FRD presents a classic value-trap profile, characterized by a very weak Piotroski F-Score of 2/9 indicating deteriorating fundamental health despite explosive revenue growth of 78.6%. While the stock is objectively undervalued relative to its Graham Number ($31.6) and trades at a low P/E of 8.15, the razor-thin profit margins (2.68%) and bearish technical trend (0/100) offset the valuation appeal.
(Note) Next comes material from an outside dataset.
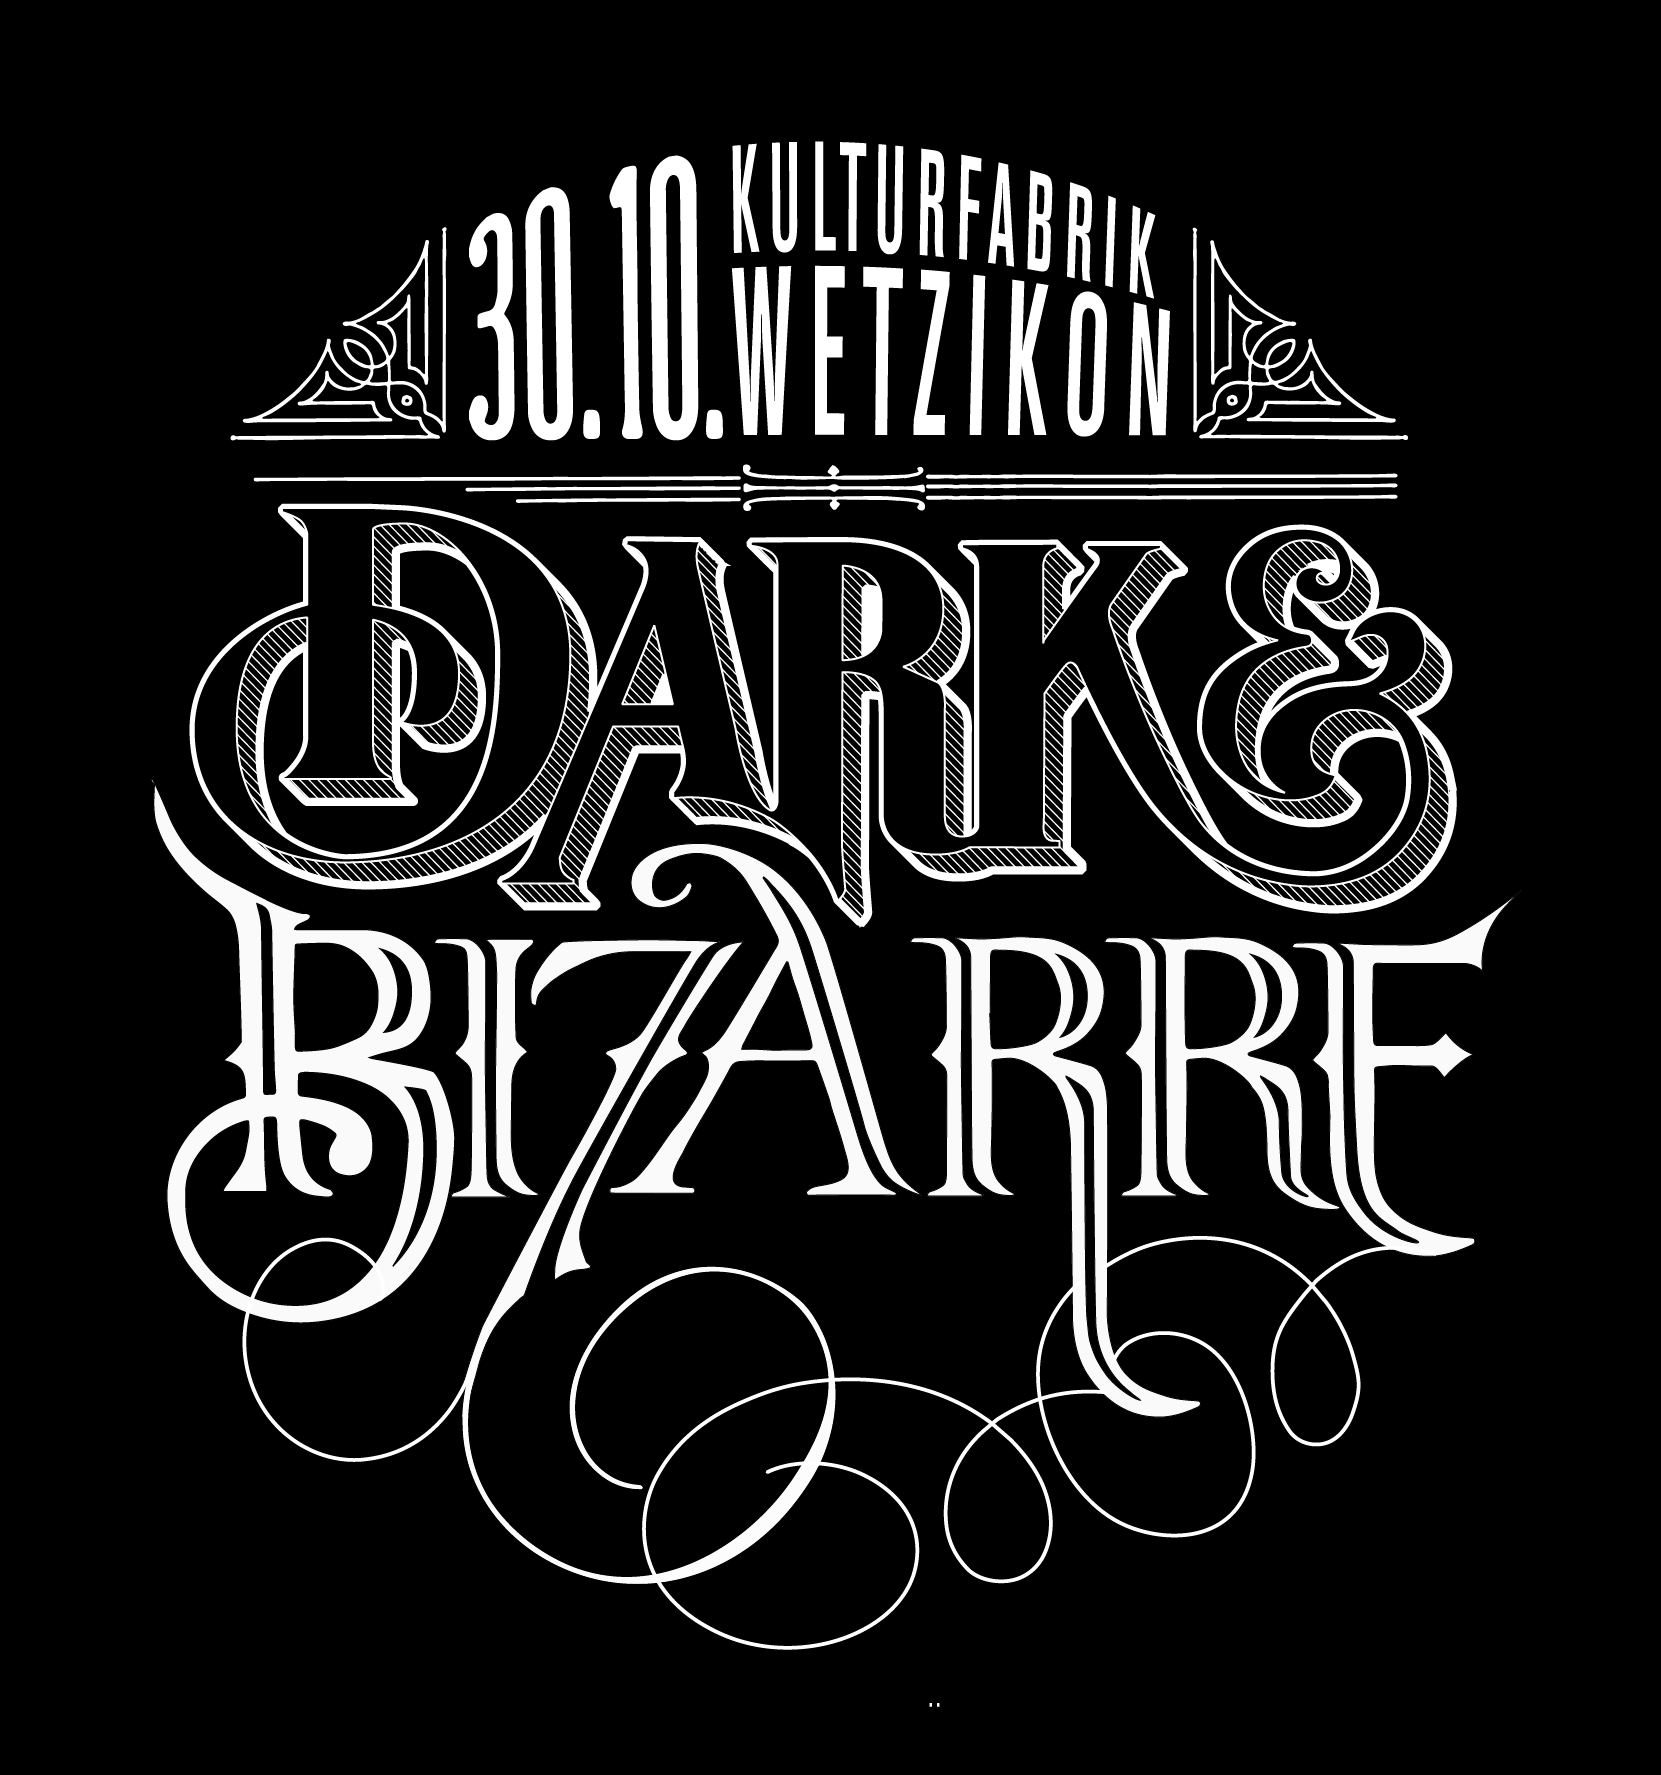 Dark & Bizarre

The discrepancy between the high current ratio (3.59) and lower quick ratio (0.91) suggests a heavy reliance on inventory, which is risky in the cyclical steel industry. Overall, the strong top-line growth is not yet translating into fundamental financial strength.

Strengths
Exceptional YoY revenue growth of 78.60%
Deep value valuation with P/B of 0.91 and P/S of 0.22
Strong current ratio (3.59) indicating short-term liquidity
Risks
Critical fundamental weakness indicated by Piotroski F-Score of 2/9
Extremely thin profit margins (2.68%) leaving little room for error
Bearish technical trend (0/100) suggesting lack of market conviction

Compare Another Pair

AEM vs FRD: Head-to-Head Comparison

This page compares Agnico Eagle Mines Limited (AEM) and Friedman Industries, Incorporated (FRD) across key fundamental metrics including valuation ratios, profitability margins, growth rates, financial health indicators, and dividend metrics. Each metric highlights the better-performing stock so you can quickly identify relative strengths and weaknesses.

Our AI engine independently analyzes each company's financials, competitive position, and market conditions to produce a verdict (Bullish, Neutral, or Bearish) along with key strengths and risks. Use this comparison alongside your own research to make informed investment decisions.